The answer must be the lines from the one that holds "Weiße Fasern der" through the final line of the data, copied exactly, with no pictures.

Given information
==*==

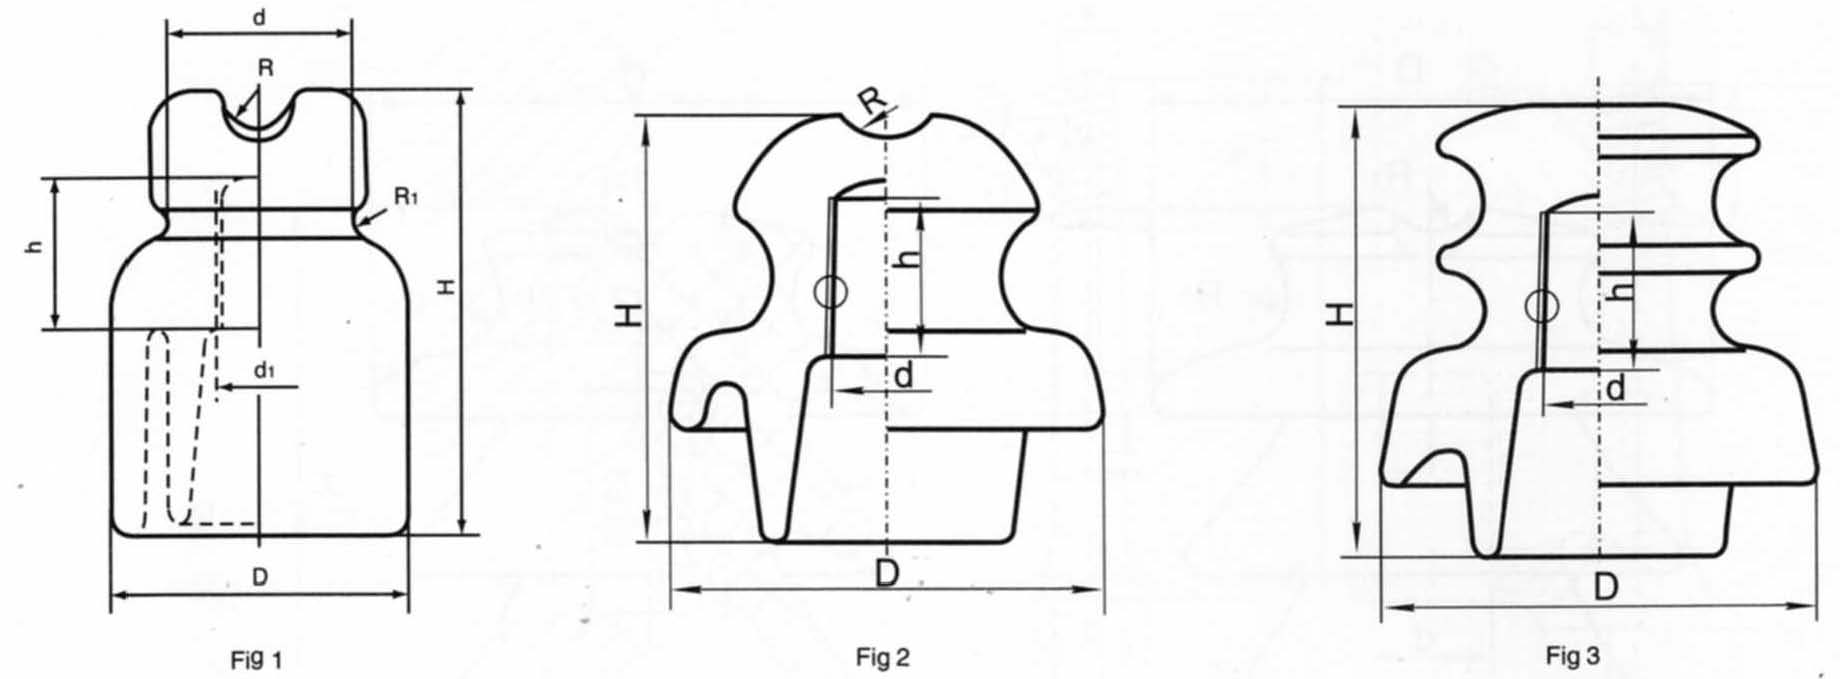 ကြေးနန်း insulator တွင်လည်းအပေါ်မှငှက်မြင်ကွင်းပါဝါလိုင်းများသက်ရောက်မှု insulator တွင်လည်း (N) တို့图片 3.png
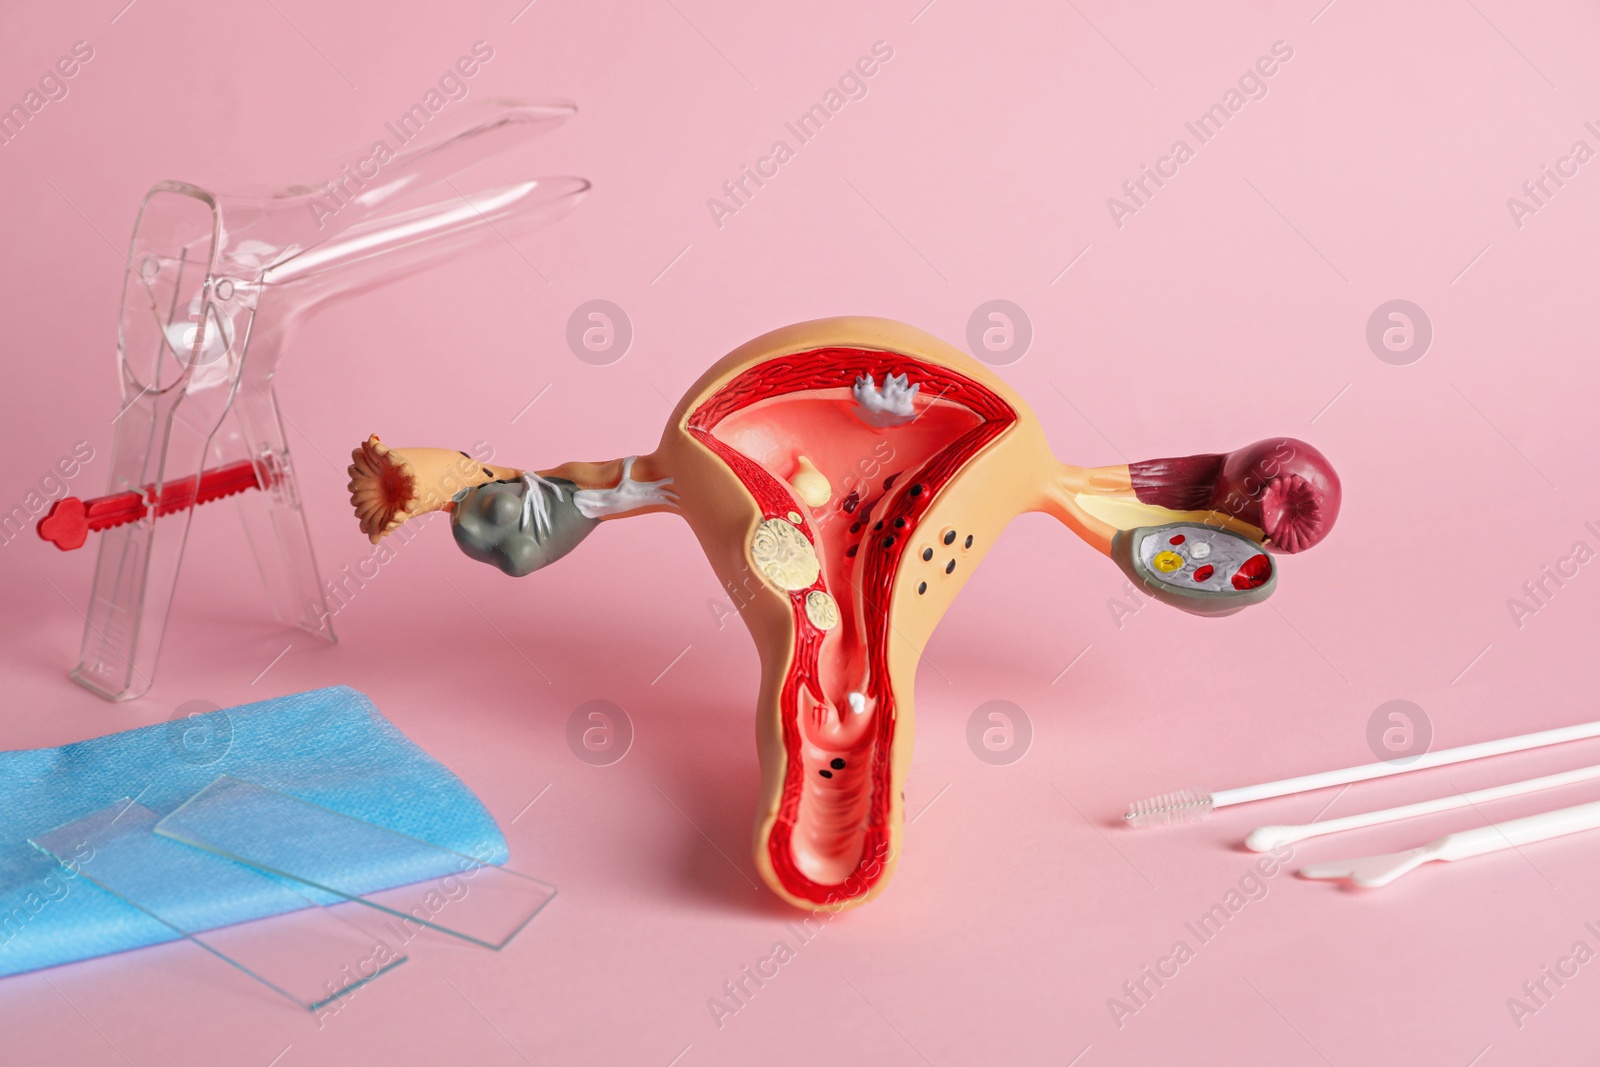 Photo of Gynecological examination kit and anatomical uterus model on pink background
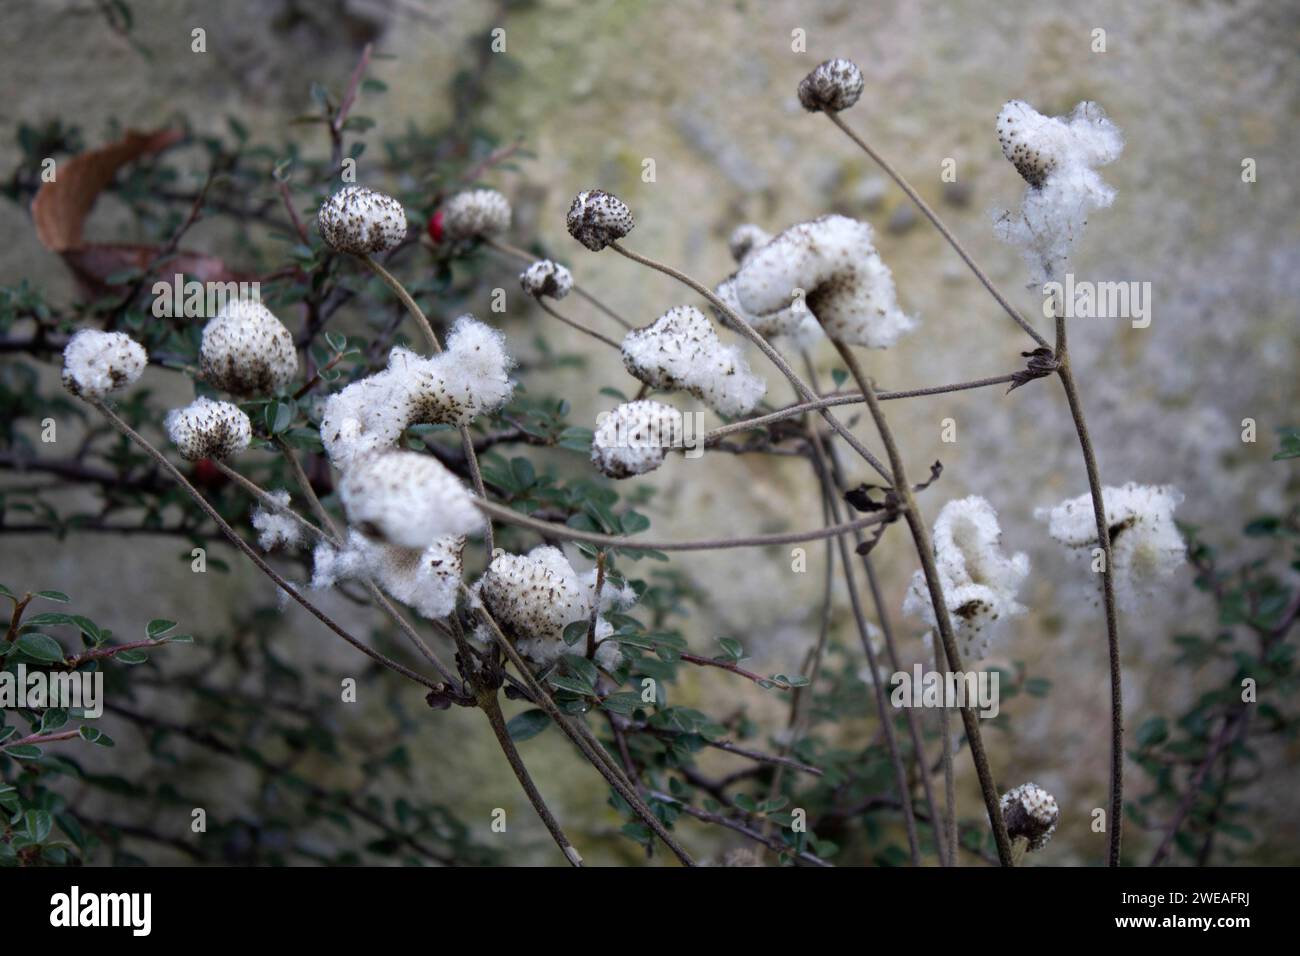 Weiße Fasern der Cotoneaster-Pflanze Oxford Botanic Garden, einer der ältesten wissenschaftlichen Gärten der Welt Oxford England Großbritannien Stockfoto
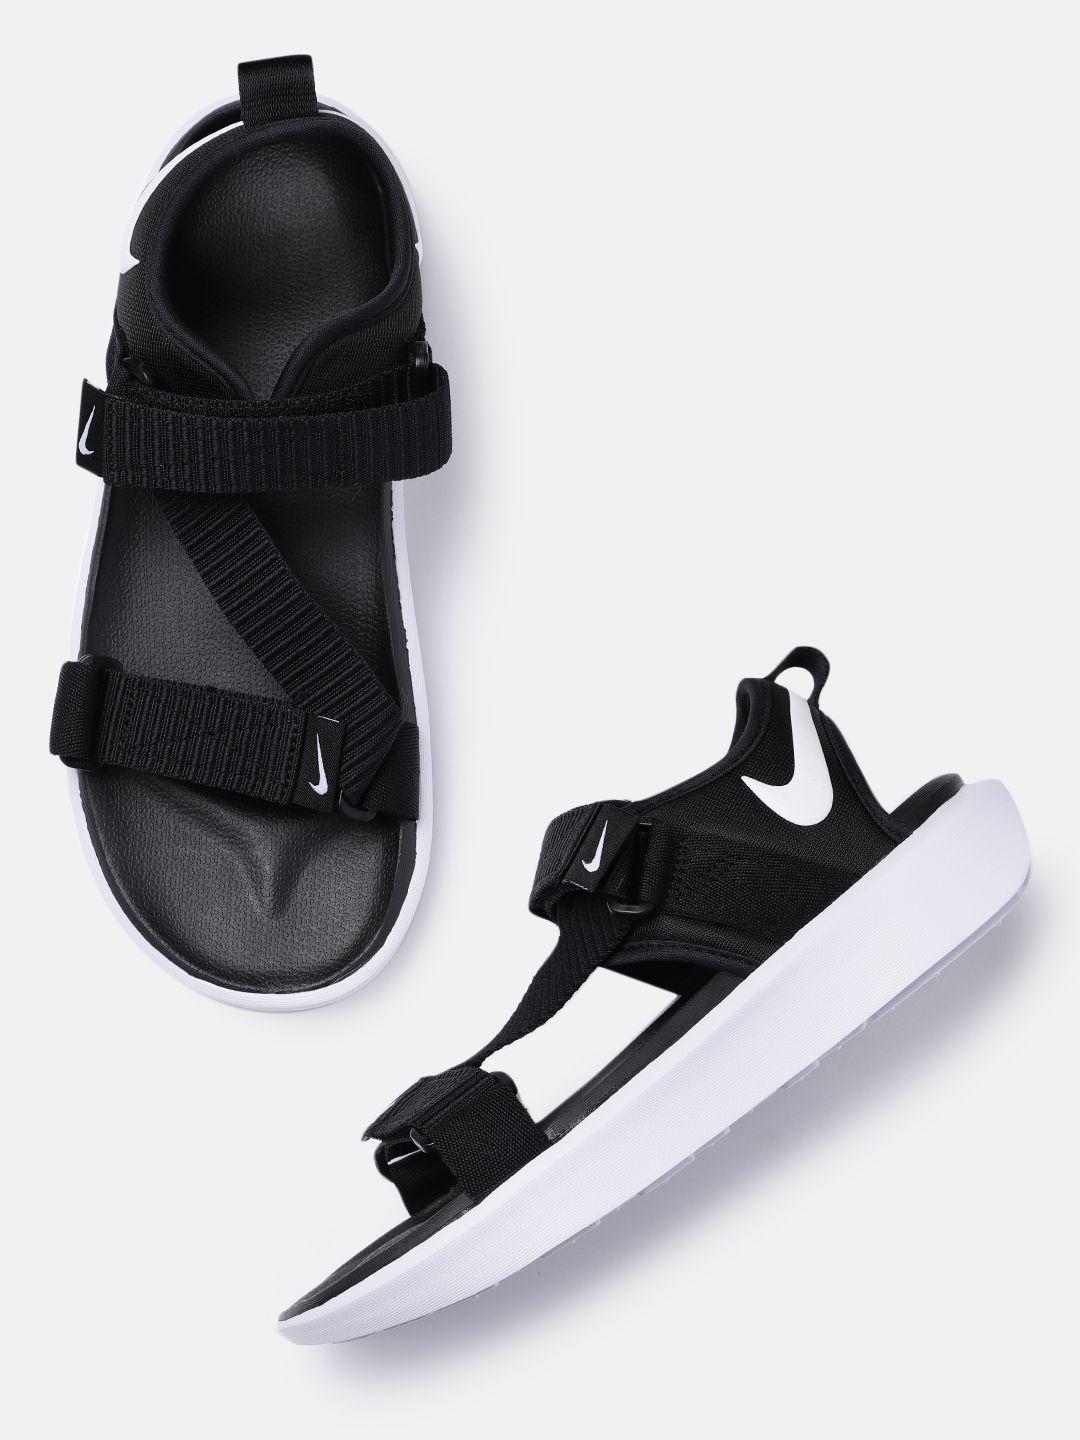 nike-men-black-and-white-vista-sports-sandals

==*==

Finished task
 Weiße Fasern der Cotoneaster-Pflanze Oxford Botanic Garden, einer der ältesten wissenschaftlichen Gärten der Welt Oxford England Großbritannien Stockfoto
 nike-men-black-and-white-vista-sports-sandals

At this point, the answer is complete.